- REQUIREMENT: Using the listing below, retype exactly the lines starting at the one with "Rosanna Oliva: Parità di genere" and ending at the one with "- Butterfly Sneakers", and include both.

- RECORDED DATA:
[Start of section]

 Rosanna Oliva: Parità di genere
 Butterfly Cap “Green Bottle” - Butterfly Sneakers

[End of section]
[Start of section]

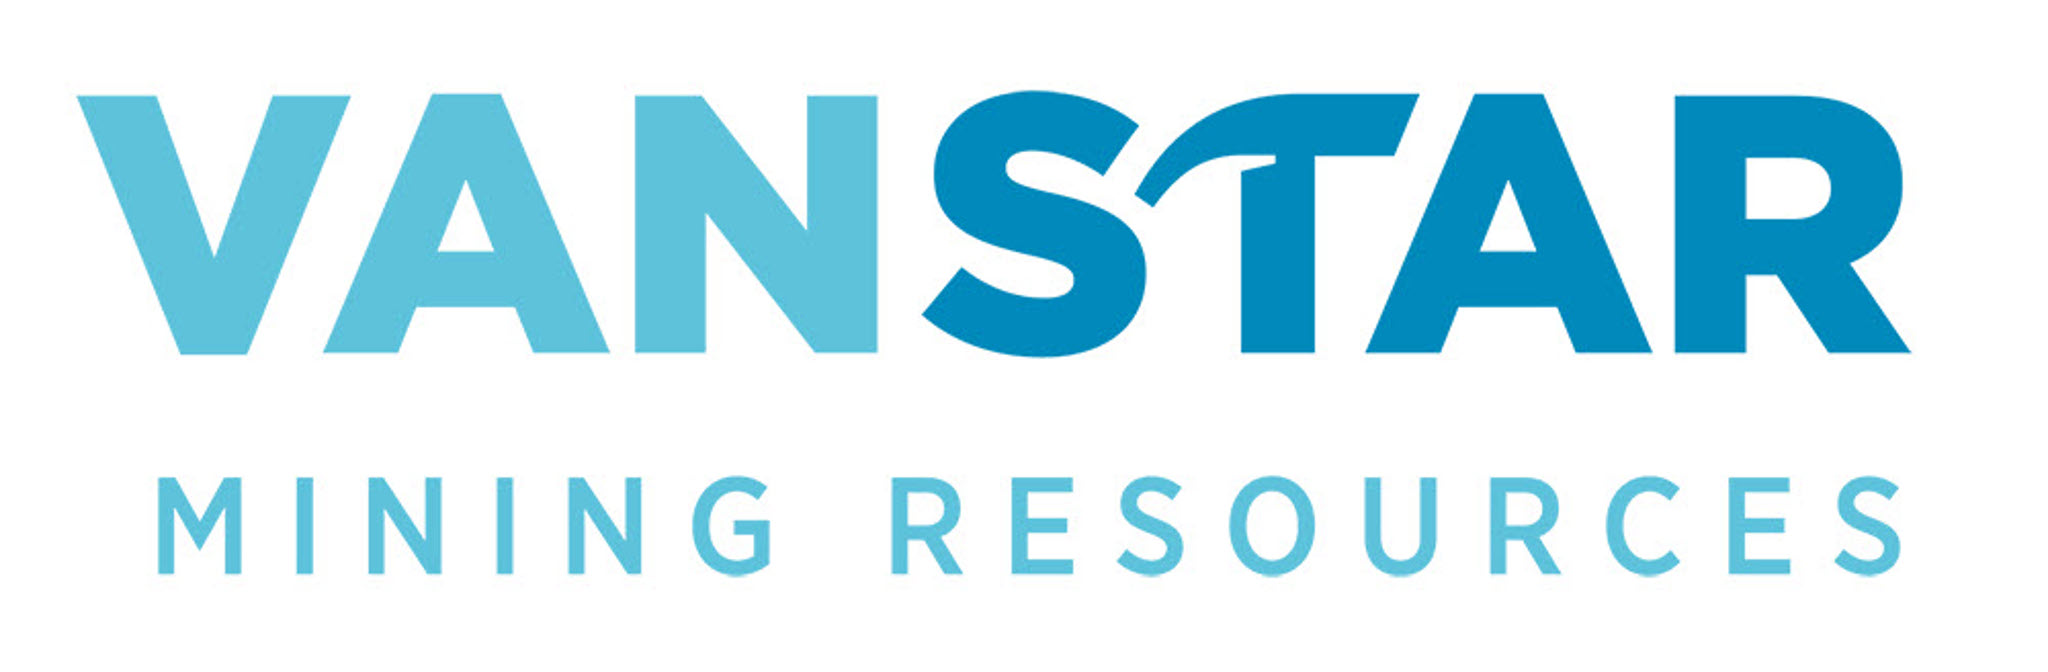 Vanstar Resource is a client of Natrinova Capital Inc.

[End of section]

- EXERCISE ANSWER:
 Rosanna Oliva: Parità di genere
 Butterfly Cap “Green Bottle” - Butterfly Sneakers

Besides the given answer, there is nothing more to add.